The derivative$$dy/dx$$of $$y = \sqrt {\sin x}$$is$$\frac{{\cos x}}{{2\sqrt {\sin x} }}$$.

See the step by step solution

## Step 1: Given Information.

The given function is$$y = \sqrt {\sin x}$$.

## Step 2: Definition of Derivative of a Function

The derivative of a function is defined as the rate at which a function changes in relation to a variable.

## Step 3: To write the given function in the form of $$f\left( {g\left( x \right)} \right)$$

Consider$$y = \sqrt {\sin x}$$

Let $$y = f\left( x \right)$$

So, $$f\left( x \right) = \sqrt {\sin x}$$

Let$$u = \sin {\rm{x}}$$

So,$$f\left( u \right) = \sqrt u$$

Apply chain rule

$$\begin{array}{l}\frac{{dy}}{{dx}} = \frac{{du}}{{dx}} \times \frac{{dy}}{{du}}\\\frac{{dy}}{{dx}} = \frac{d}{{dx}}\left( {\sin x} \right) \times \frac{d}{{du}}\left( {\sqrt u } \right)\\\frac{{dy}}{{dx}} = \cos x \times \frac{1}{{2\sqrt u }}\end{array}$$

Substitute $$u = \sin x$$in the above equation.

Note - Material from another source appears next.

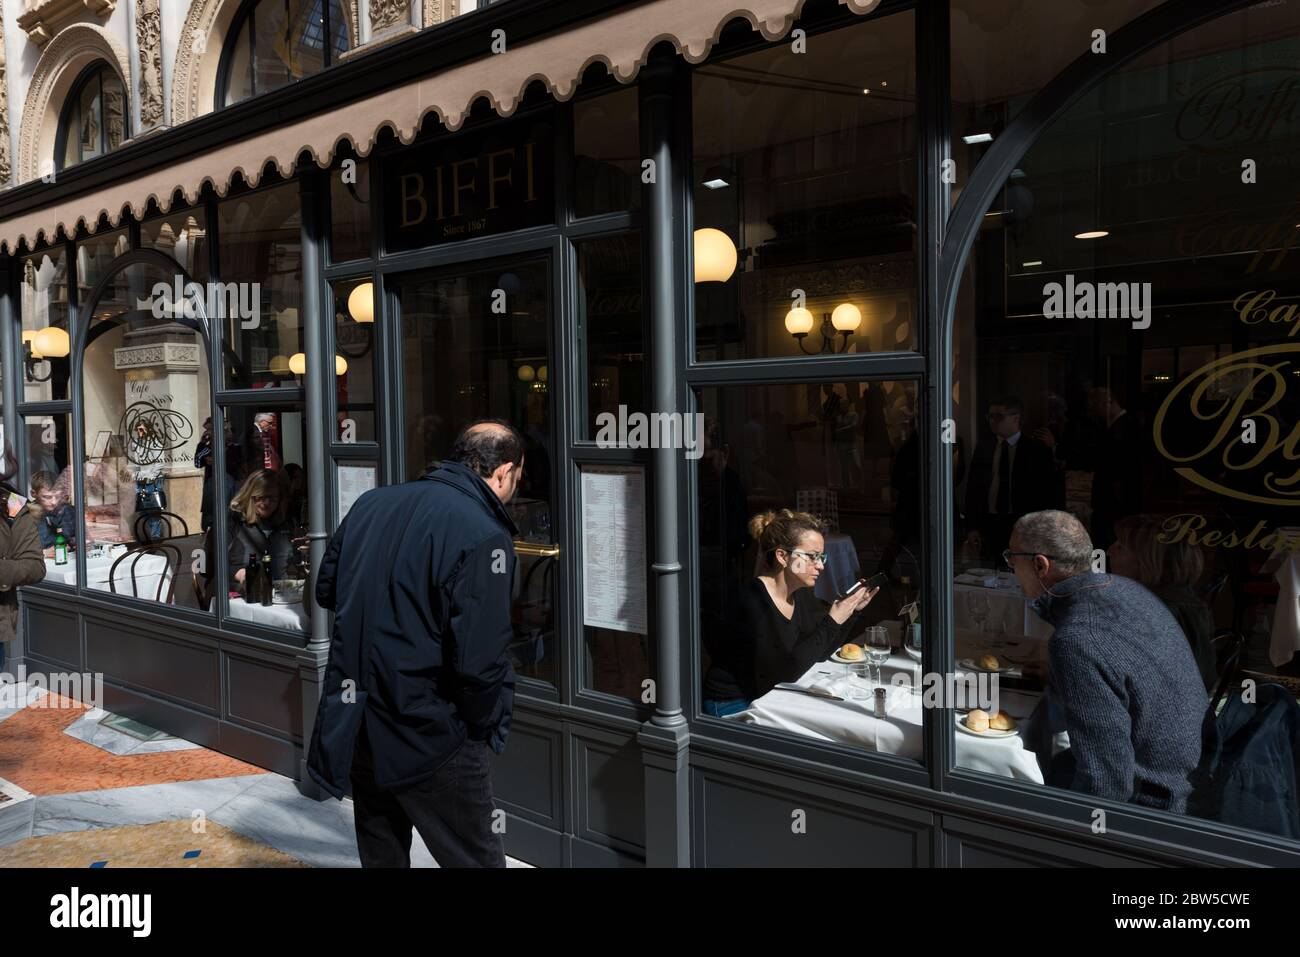 MILANO, ITALIA - 16 MARZO 2018: Immagine orizzontale del ristorante all'interno della Galleria Vittorio Emanuele II, un antico centro commerciale di Milano Foto Stock

$$\begin{array}{l}\frac{{dy}}{{dx}} = \cos x \times \frac{1}{{2\sqrt {\sin x} }}\\\frac{{dy}}{{dx}} = \frac{{\cos x}}{{2\sqrt {\sin x} }}\end{array}$$

Therefore, the derivative $$dy/dx$$of the function $$y = \sqrt {\sin x}$$is$$\frac{{\cos x}}{{2\sqrt {\sin x} }}$$.